• PROBLEM TO SOLVE: Please copy every line of the records below that holds the word "Coloring".

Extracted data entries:
• • • • • • •

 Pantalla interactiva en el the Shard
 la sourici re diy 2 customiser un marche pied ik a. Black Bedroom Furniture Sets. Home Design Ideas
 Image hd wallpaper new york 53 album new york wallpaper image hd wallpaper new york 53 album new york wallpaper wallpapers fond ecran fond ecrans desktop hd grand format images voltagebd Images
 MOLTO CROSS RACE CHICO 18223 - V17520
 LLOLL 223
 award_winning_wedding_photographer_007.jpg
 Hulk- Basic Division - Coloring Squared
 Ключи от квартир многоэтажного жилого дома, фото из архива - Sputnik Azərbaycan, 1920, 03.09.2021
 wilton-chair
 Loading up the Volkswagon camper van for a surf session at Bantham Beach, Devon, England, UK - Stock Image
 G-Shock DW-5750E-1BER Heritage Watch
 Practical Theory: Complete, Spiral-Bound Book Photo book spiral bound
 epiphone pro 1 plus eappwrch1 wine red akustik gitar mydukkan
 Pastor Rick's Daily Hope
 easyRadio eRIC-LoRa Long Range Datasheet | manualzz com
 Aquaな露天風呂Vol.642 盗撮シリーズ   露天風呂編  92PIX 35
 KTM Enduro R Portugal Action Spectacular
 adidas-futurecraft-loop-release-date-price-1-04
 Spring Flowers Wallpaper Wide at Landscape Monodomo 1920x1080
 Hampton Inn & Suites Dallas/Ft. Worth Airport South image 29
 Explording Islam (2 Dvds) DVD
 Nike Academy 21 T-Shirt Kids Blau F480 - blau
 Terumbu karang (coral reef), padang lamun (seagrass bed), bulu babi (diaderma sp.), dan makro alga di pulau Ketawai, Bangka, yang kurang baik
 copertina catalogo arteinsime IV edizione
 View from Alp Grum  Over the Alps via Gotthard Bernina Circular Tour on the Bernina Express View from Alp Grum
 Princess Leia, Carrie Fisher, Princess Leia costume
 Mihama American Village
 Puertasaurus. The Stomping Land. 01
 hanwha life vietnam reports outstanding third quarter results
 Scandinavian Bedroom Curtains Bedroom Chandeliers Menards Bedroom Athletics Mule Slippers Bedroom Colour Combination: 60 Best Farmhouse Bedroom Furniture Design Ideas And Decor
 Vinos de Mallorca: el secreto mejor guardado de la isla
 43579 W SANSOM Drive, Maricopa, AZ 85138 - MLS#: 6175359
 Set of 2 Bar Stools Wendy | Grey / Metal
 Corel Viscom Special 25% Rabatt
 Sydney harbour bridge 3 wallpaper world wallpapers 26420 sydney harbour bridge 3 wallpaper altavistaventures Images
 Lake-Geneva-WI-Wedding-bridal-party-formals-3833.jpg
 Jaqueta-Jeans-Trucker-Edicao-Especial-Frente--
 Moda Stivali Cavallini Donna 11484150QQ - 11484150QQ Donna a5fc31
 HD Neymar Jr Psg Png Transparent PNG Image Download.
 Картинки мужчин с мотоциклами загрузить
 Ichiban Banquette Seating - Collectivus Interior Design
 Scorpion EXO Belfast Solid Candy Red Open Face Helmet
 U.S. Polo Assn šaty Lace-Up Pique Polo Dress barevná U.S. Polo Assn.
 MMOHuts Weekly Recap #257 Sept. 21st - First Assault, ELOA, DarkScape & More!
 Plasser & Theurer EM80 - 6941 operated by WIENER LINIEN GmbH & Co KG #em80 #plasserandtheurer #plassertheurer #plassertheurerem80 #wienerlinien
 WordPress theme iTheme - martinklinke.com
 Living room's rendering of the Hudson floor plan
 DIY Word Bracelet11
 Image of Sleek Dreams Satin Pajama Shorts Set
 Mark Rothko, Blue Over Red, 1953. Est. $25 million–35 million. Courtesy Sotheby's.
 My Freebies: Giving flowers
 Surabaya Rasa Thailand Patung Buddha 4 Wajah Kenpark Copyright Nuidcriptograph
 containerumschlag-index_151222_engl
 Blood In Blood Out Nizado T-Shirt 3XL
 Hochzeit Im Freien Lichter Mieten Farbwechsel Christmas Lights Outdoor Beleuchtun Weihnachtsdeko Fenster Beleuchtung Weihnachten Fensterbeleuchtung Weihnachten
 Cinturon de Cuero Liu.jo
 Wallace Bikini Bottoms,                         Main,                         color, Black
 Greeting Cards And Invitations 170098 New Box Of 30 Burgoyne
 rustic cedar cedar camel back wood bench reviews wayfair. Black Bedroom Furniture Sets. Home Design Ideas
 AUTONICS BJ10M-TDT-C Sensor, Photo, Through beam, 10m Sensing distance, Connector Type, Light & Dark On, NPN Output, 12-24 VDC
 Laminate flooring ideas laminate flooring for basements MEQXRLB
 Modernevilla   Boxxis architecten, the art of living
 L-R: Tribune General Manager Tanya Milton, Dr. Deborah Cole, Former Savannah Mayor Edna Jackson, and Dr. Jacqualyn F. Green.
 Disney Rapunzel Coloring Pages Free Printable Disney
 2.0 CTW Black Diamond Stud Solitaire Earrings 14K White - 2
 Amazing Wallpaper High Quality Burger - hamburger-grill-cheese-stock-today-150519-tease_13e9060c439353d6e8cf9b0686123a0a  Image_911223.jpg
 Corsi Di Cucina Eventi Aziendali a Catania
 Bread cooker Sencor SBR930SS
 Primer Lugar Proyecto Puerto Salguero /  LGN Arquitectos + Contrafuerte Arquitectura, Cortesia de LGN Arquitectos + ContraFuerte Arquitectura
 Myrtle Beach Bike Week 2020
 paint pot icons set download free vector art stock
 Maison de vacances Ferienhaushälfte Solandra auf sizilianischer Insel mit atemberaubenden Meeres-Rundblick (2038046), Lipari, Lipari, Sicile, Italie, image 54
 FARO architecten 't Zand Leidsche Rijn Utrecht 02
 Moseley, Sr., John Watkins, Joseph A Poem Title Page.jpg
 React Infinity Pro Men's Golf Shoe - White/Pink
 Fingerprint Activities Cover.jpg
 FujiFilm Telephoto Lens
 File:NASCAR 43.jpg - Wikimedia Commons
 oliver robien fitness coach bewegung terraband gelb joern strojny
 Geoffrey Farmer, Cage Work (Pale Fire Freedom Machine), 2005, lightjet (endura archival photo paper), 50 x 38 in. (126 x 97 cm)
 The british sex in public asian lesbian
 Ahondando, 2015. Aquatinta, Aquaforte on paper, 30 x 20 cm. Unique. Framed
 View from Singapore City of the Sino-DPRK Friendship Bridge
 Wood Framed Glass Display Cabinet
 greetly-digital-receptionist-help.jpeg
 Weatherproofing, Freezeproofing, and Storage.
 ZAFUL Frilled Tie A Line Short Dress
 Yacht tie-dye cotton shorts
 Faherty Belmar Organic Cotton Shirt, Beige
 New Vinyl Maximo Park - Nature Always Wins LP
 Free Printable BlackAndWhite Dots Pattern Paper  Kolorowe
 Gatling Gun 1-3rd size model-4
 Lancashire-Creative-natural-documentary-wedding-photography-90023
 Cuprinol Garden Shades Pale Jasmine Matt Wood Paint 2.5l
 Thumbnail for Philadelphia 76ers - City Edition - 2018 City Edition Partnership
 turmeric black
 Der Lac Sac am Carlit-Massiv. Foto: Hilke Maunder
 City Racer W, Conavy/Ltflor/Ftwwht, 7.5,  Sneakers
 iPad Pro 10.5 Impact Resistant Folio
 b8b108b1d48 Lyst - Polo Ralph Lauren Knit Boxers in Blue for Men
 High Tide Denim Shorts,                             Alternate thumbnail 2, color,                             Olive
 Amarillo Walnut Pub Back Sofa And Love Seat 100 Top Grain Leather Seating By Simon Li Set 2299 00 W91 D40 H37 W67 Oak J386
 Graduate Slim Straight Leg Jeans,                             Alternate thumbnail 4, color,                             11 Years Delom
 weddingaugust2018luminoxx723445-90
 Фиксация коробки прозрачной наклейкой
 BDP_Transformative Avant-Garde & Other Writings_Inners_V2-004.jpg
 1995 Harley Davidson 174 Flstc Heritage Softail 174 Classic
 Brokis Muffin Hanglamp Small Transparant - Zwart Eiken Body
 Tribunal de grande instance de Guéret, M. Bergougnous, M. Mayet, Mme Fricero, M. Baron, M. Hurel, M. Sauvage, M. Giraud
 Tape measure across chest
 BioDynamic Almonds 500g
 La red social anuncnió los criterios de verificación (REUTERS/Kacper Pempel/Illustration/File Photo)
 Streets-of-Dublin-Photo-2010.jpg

• • • • • • •

• SOLVED EXERCISE:
 Hulk- Basic Division - Coloring Squared
 Disney Rapunzel Coloring Pages Free Printable Disney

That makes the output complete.